Chapter 5: Civil Rights
Preamble
The campaign for the Democratic party’s nomination for president in 2008 culminated in a contest between a mixed-race man and a white woman. Both candidates addressed their identities directly and with pride. Barack Obama gave a notable speech about race, saying that black anger and white resentments were grounded in legitimate concerns and that Americans must work together to move beyond their racial wounds. Conceding defeat in June, Hillary Clinton told her supporters, “Although we weren’t able to shatter that highest, hardest glass ceiling this time, it’s got about eighteen million cracks in it.”
Reporters and commentators in the media identified how race and gender played out in the campaign and in the statements of the candidates and their associates, including the polarizing statements of figures such as Obama’s minister, Jeremiah Wright.

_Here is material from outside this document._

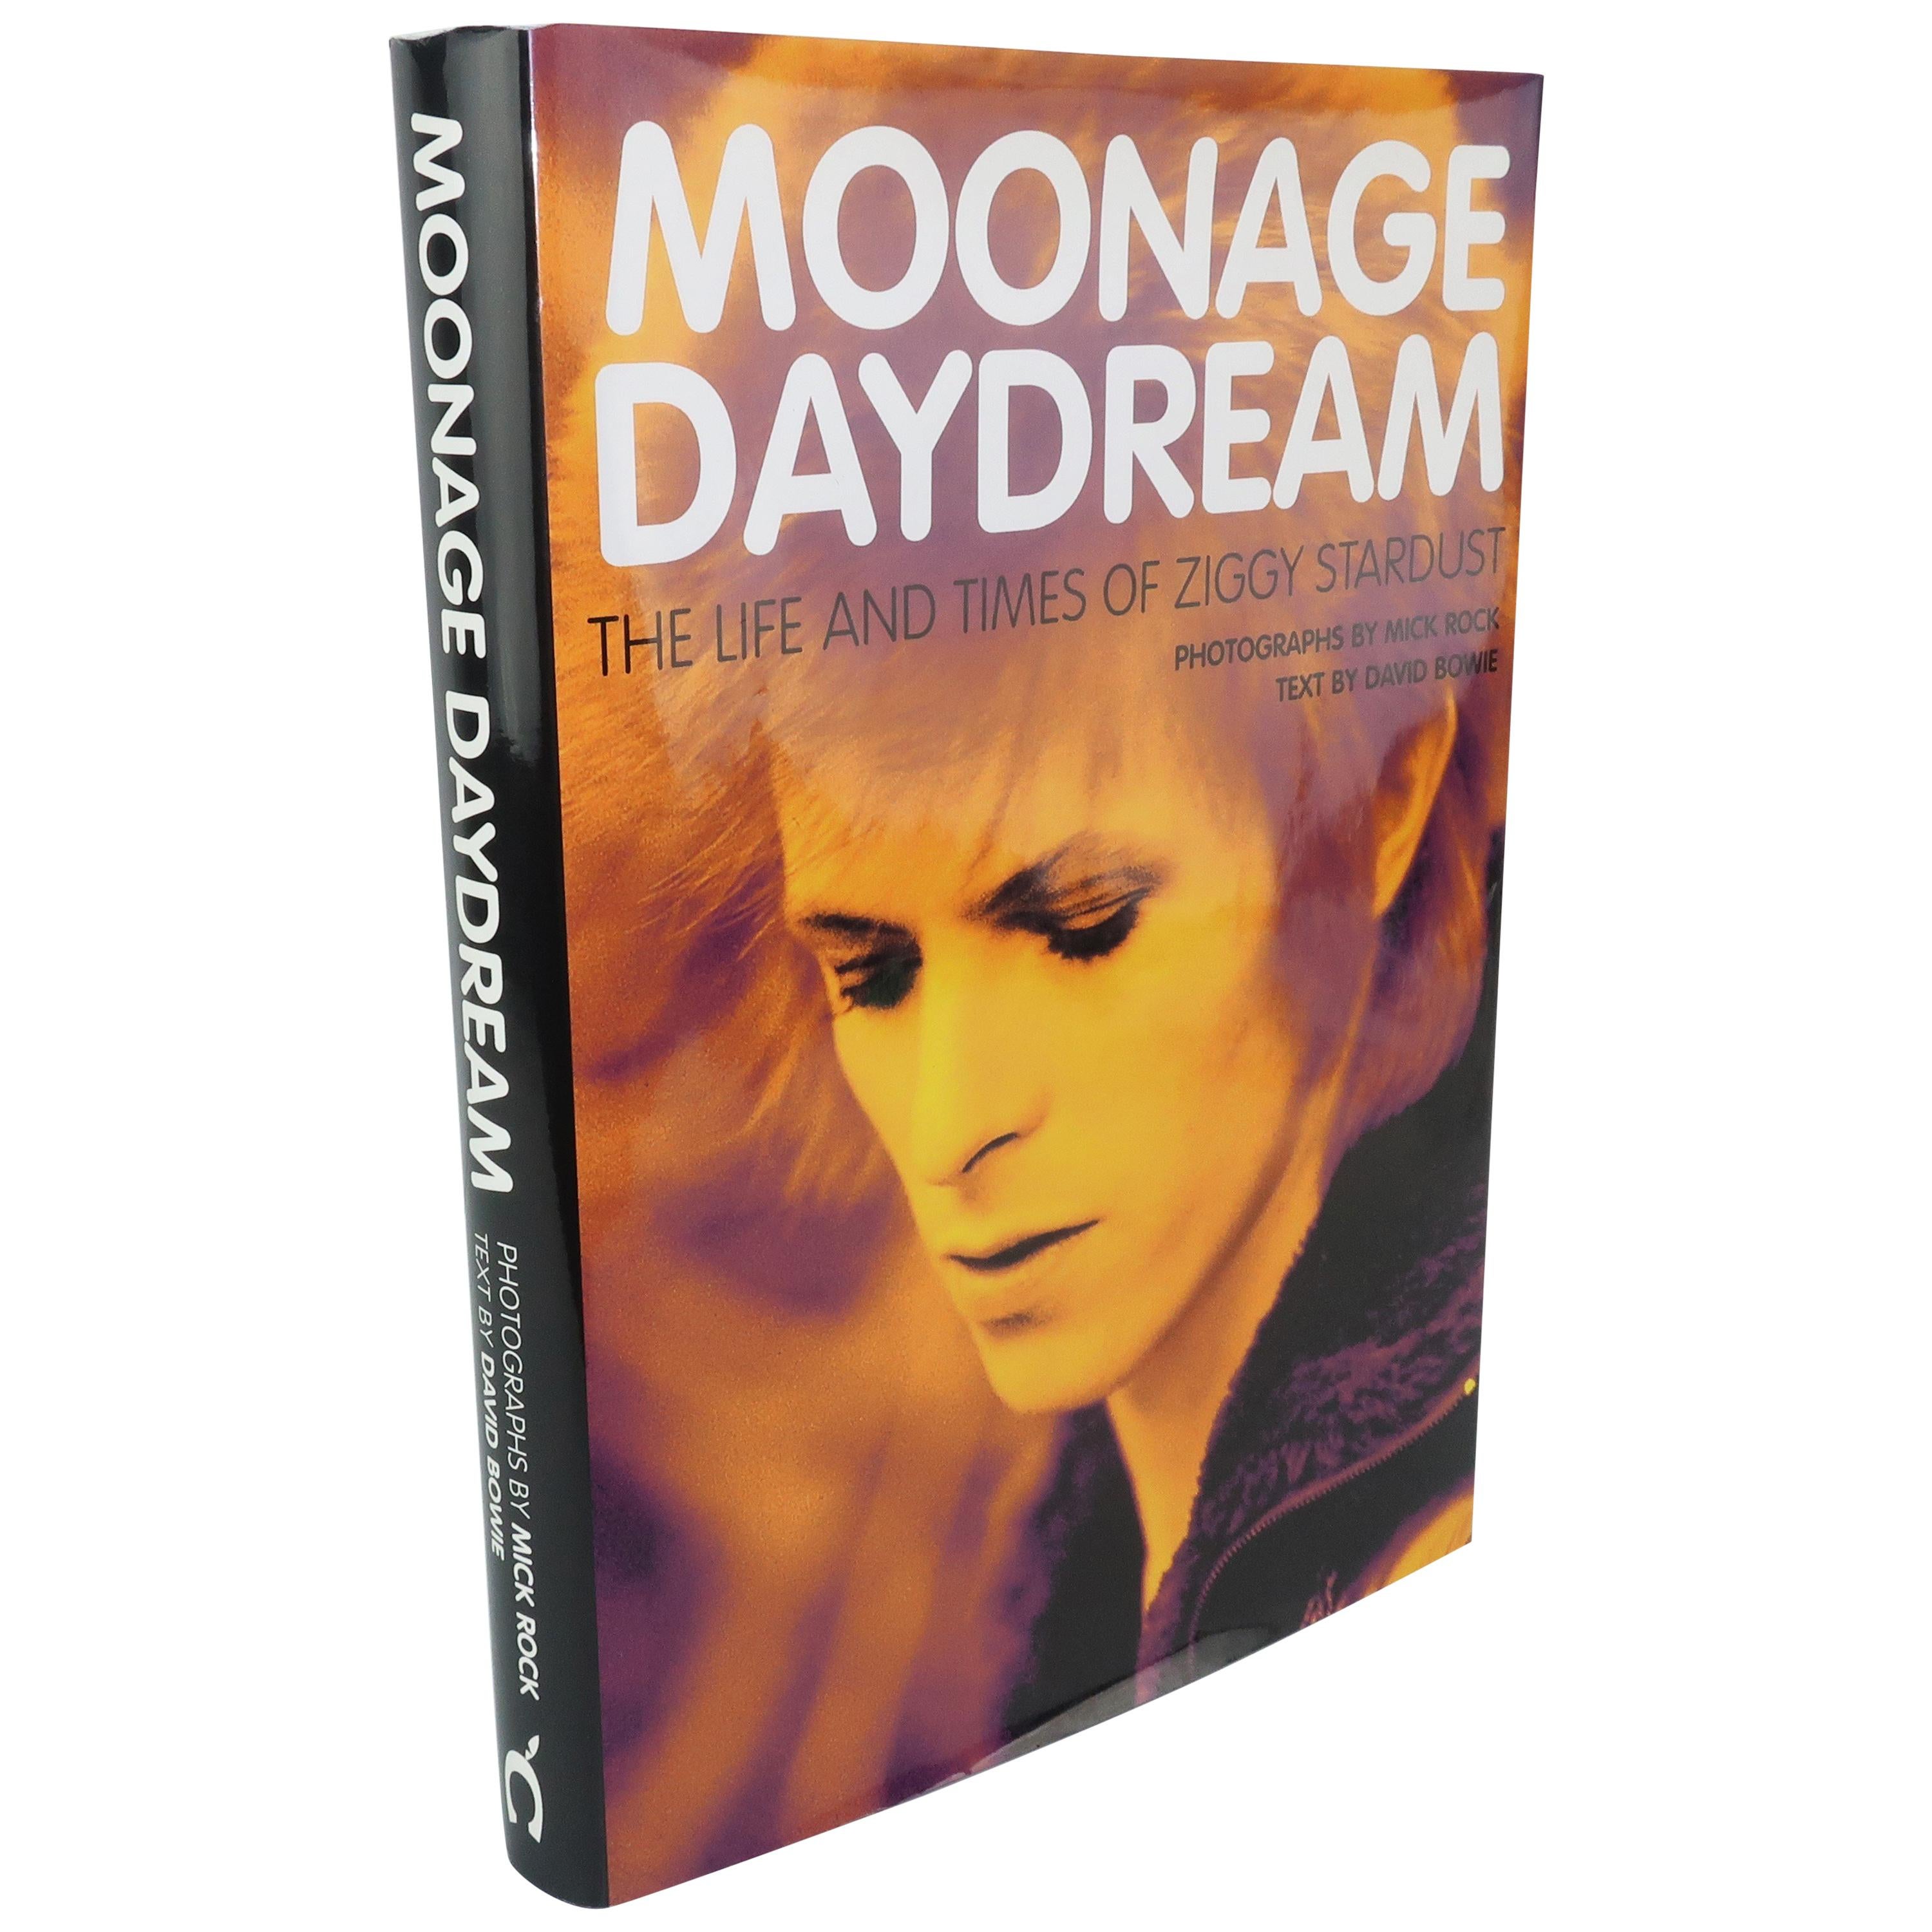 David Bowie’s Moonage Daydream Coffee Table Book of Ziggy Stardust Fashion, 2005

At the same time, the media reported that the Democratic contest and Obama’s nomination symbolized how far civil rights have come in America from the dark days of segregation. This frame became dominant when Obama was elected president in November 2008.

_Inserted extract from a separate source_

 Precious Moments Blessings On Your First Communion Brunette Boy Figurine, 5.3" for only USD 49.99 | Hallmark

Civil rights protect people against discrimination. They focus on equal access to society and to political activities such as voting. They are pursued by disadvantaged groups who, because of a single characteristic, have historically been discriminated against. In this chapter, we consider race and ethnicity, gender, sexual orientation, and disability.
The history of civil rights was created, first and most influentially, by African Americans’ struggle for racial equality. Their strategies and policy victories became the model for all other disadvantaged groups.John D. Skrentny, The Minority Rights Revolution (Cambridge, MA: Harvard University Press, 2002).